Your DD has had some blows, some losses, then she has him on her back. Let me tell you I was her position at 18, she CAN hear the names he calls her and she DOES know he doesn't like her. You've got some decisions to make. I'm 51- aforementioned stepfather just hung up on me the other day when I was trying to get ahold of my mom. We live several states away and I was checking on her since they broke down on the road and she called me crying- I'm hardly a meddling adult skid. We talk 2-3 times a month, almost never see each other. He just dislikes me, and it's affected my relationship with my mom, who I love very, very much, in a fatal way. You have some thinking to do.

Anna21's picture

Update......ok I calmed down enough to talk to FDH without yelling and have told him no way will he treat my daughter like this again. I am insisting on premarital counseling and a prenup or no marriage ceremony in November. FDH now says ok and as long as the counselor is not religious. Ok. I want to have all these things discussed out in the open with an objective third party before we even think of marrying. DD is still tired from the mono and so far FDH is keeping his mouth shut. I told him its a deal breaker for me. I also told him to focus instead on his own kid's issues, and to NEVER interfere with how I handle my own money.

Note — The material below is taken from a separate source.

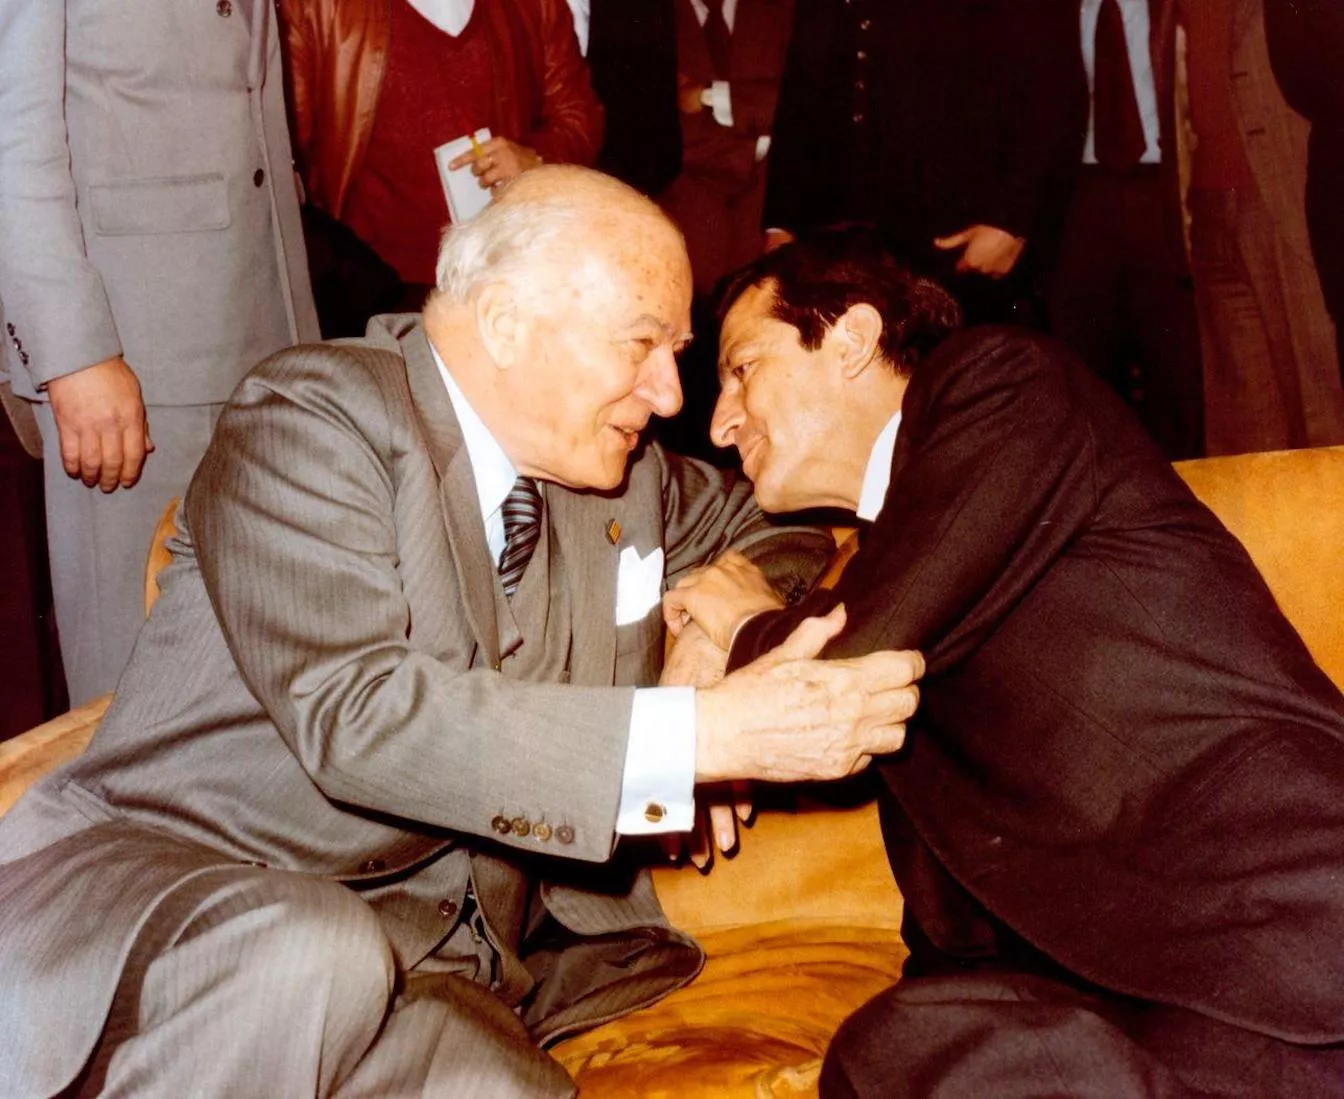 El 23 d'octubre de 1977, Josep Tarradellas va tornar a Catalunya. A la foto, els dos polítics es donen la mà
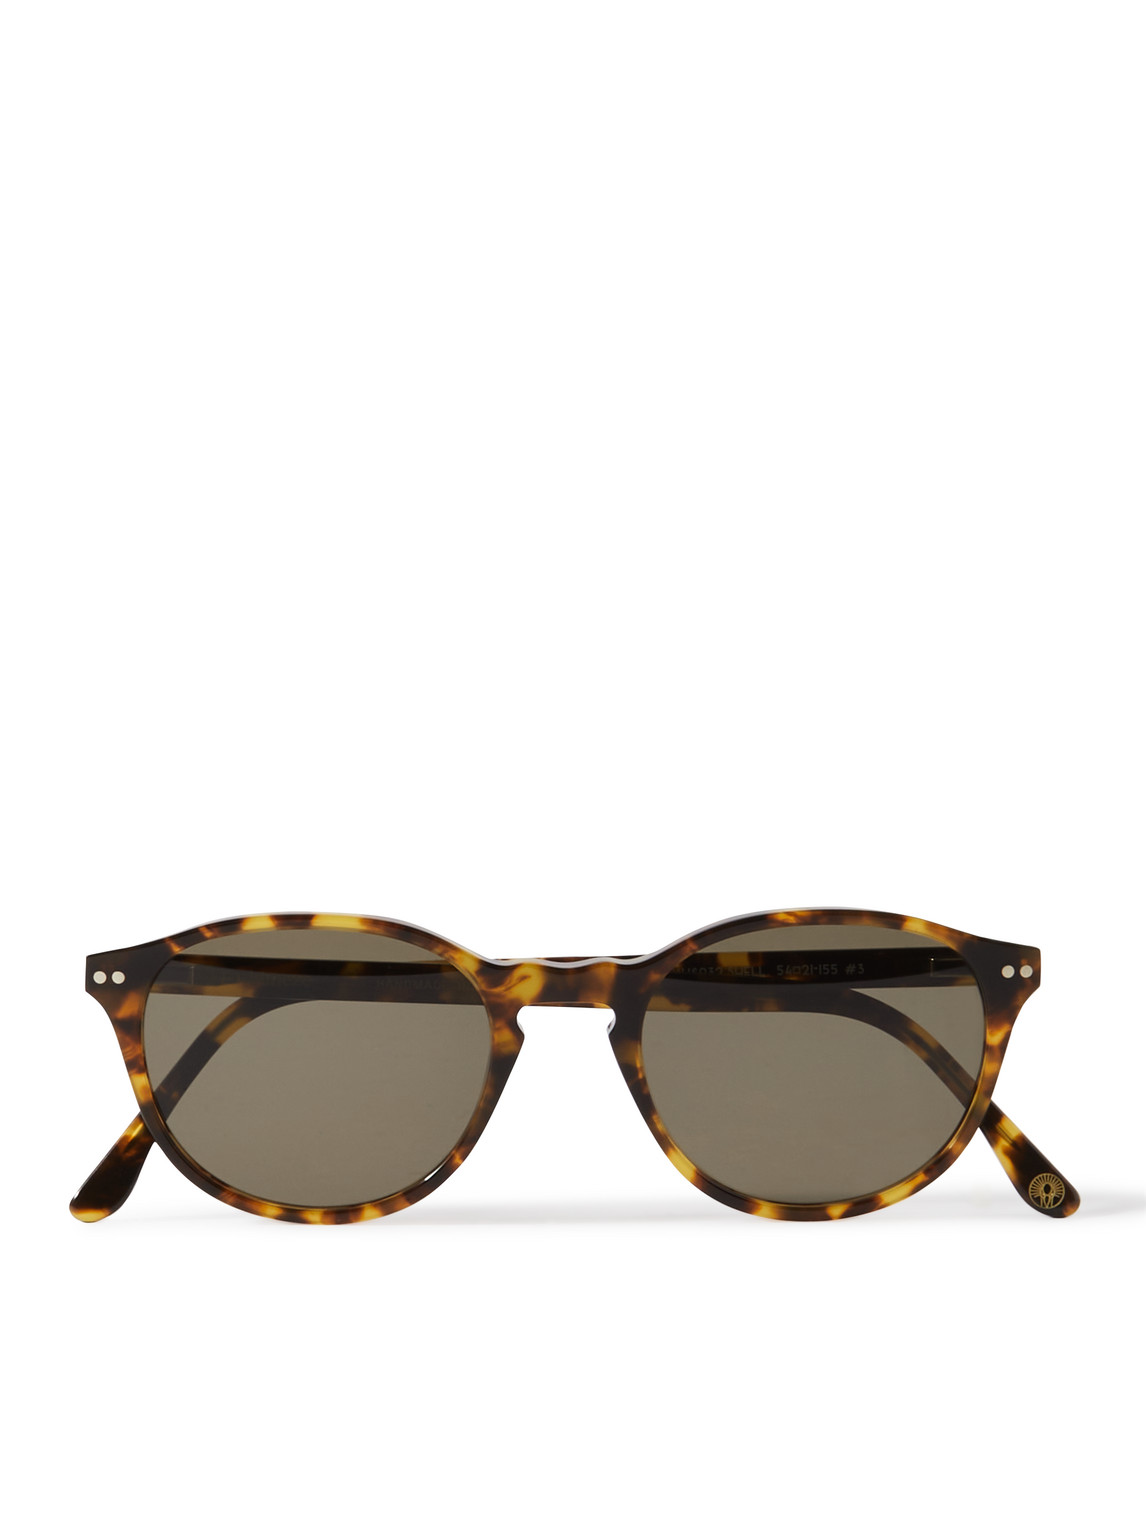 Kimeze Khari Round-frame Tortoiseshell Acetate Sunglasses

I had slept on the sofa-bed for two nights so FDH knew I was very, very serious. That is the first time in 6 years that I have refused to sleep in the same room as him, never mind the same bed.

Stormyweather's picture

I hate to be the bearer of bad news but your story sounds very similar to mine (second marriage) and i feel duped into reconnecting and later marrying my now DH. We broke up approx 2 years ago when my then fiance decided (without consulting me) to give away a valuable asset of his (a car) to his daughter who was living with us FT and who was unemployed and not looking for work whilst living in my house and her two horses using all my facilities including free feeding of her horses. She was given it so she could sell it to raise funds so she could continue living the life of Larry. I would come home from work and find her asleep on the couch, and my kitchen trashed. I felt used by both of them, he blew up at me for daring to be upset with them both, he cracked it some more and I asked them both to leave and broke off our engagement. Looking back I see how he "loved bombed me" and said all the things I wanted him to say (but clearly didnt mean) as here we are again, in my house and he has recently thrown me under the bus in favor of his daughter who dosent even live with us!! He didnt mean a word he said then (about supporting me/us) and clearly did it to win me back.

The resentment now is HUGE!!!

So being married and having the status of being his wife means NOTHING!!